How to Control Cat Dandruff & Why They Get It in the First Place
If your cat has flaky skin, it’s probably dandruff. Cat dandruff is especially common in overweight and older cats. Learn what causes it and easy remedies you can try at home to help.
Noticing white flakes every time you scratch your kitty? It’s probably dandruff. It’s a common condition, especially in overweight or older cats who can’t reach around to groom themselves as well. Learn the simple things you can do at home to get rid of cat dandruff.
Causes of Cat Dandruff
It’s normal for both skin cells and hair to shed at the end of their growth cycle. But if dead skin cells build up—because of lack of grooming or because some cats are prone to it—they become visible and you’ll see white flakes on your kitty. Overweight and older cats do less grooming, which means you’ll see more flaky skin since it’s not being licked away.
“Many people think dandruff is just dry skin, but cats are actually oily-skinned creatures,” says Lynn Paolillo, CFMG, CFCG, an instructor at the National Cat Groomers Institute. “Dandruff is the shedding of oily, dead skin that’s accumulated over time.”
Cat Dandruff and Dander: Not the Same!
Dandruff and dander aren’t the same things, though people often use the terms interchangeably. Allergy-inducing dander is actually caused by a protein in a cat’s saliva, Paolillo says. When cats lick themselves, the microscopic protein attaches and dries onto their hair and skin. Dander can be a part of dandruff.

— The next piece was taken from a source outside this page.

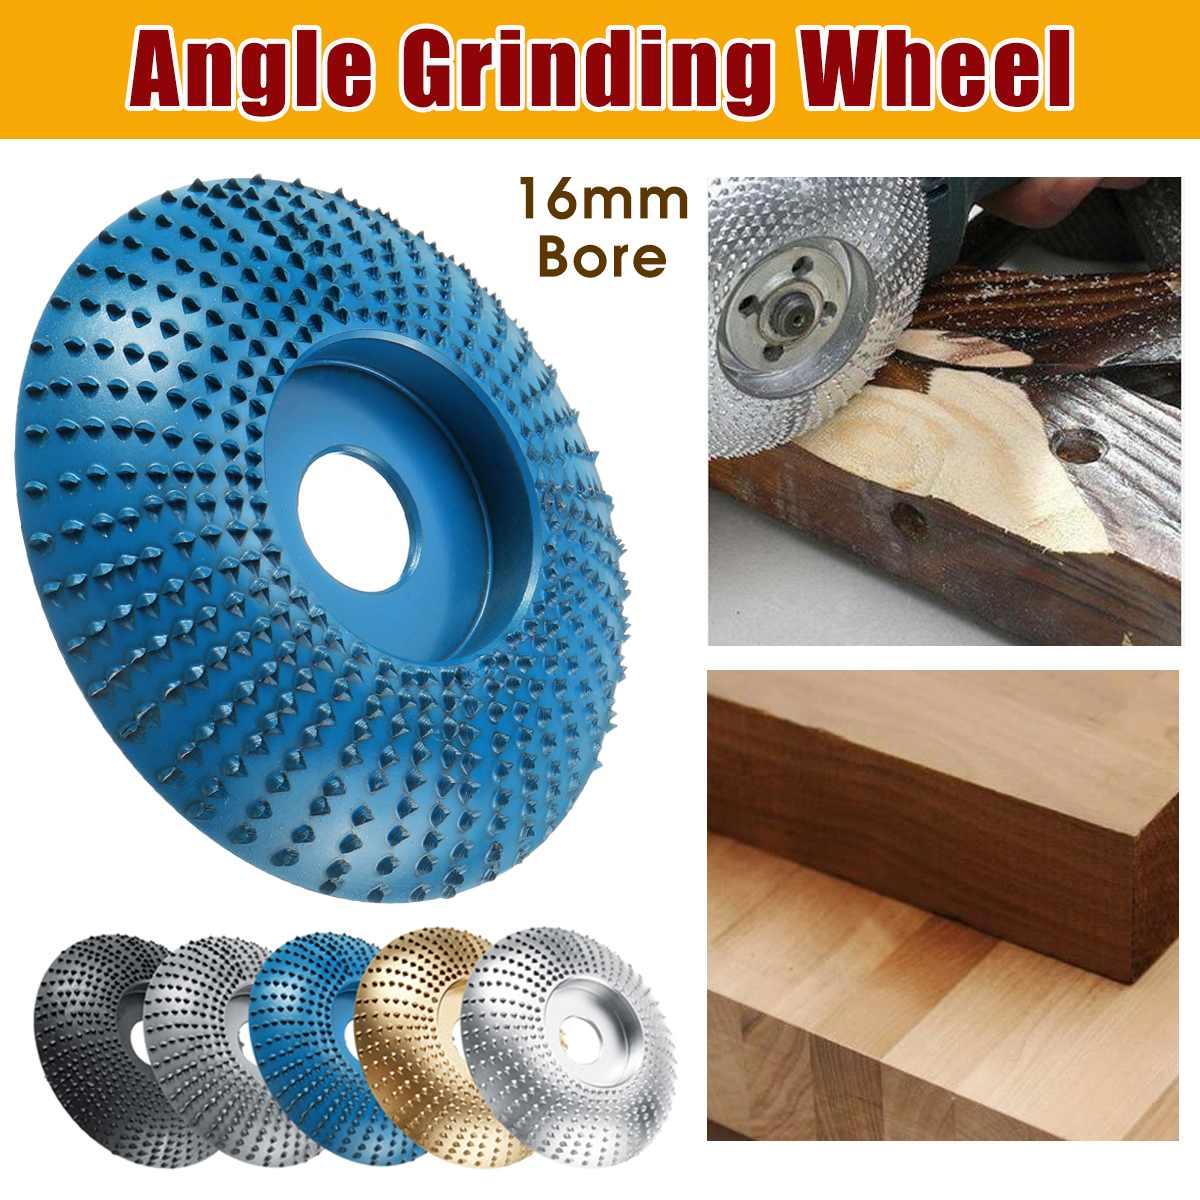 84mm de diámetro 16mm de diámetro molinillo de madera molinillo angular disco lijado tallado herramienta abrasiva para molinillo angular molinillo

Cat Dandruff vs. Flea Eggs
Both dandruff and flea eggs are tiny and white. But flea eggs are smooth and oval-shaped, and usually don’t tend to accumulate on cats (flea eggs typically fall off within a few hours). Dandruff, on the other hand, tends to stick to and stay in the hair. So if you’re seeing white flakes on your cat, it’s most likely dandruff.
Cat Dandruff Treatments
To help get rid of your cat’s dandruff, Paolillo says as long as your cat sees the vet on a regular basis and has no underlying health problems, a bath with a gentle cat shampoo should do the trick. Bathe your cat every month or two to help wash away the excess oily skin. Doing it regularly will usually be enough to keep a cat’s skin in good shape.
If your cat hates taking baths, you may be tempted to try a product that doesn’t require a trip to the tub. But Paolillo says she doesn’t recommend wipes or waterless shampoos “because the product stays on top of the coat and gets licked off.” But if giving your cat a bath at home is simply out of the question, “take them to a groomer that works with cats,” Paolillo says.
Home Remedies for Cat Dandruff
In addition to regular bathing with a gentle shampoo made for cats, there are a few other steps you can take at home to promote healthy skin and reduce dandruff. The ASPCA recommends brushing your cat a couple of times a week, especially as your feline friend grows older, to help remove dead skin cells and increase blood flow.
“Doing things to improve the overall health of your cat can make a difference in the skin and coat,” Paolillo says. For example, feed your cat a high-quality food. The experts at the Cornell Feline Health Center recommend finding a cat food that lists meat or seafood (or meat byproducts), within the first three ingredients. You can also encourage your kitty to drink more water to stay hydrated.
Typically, cat dandruff isn’t something to worry about and is easily treatable at home. However, if you notice other issues with your cat’s skin or coat—like dull hair, excessive licking or scratching, or something resembling a rash—see your vet in order to rule out anything more serious.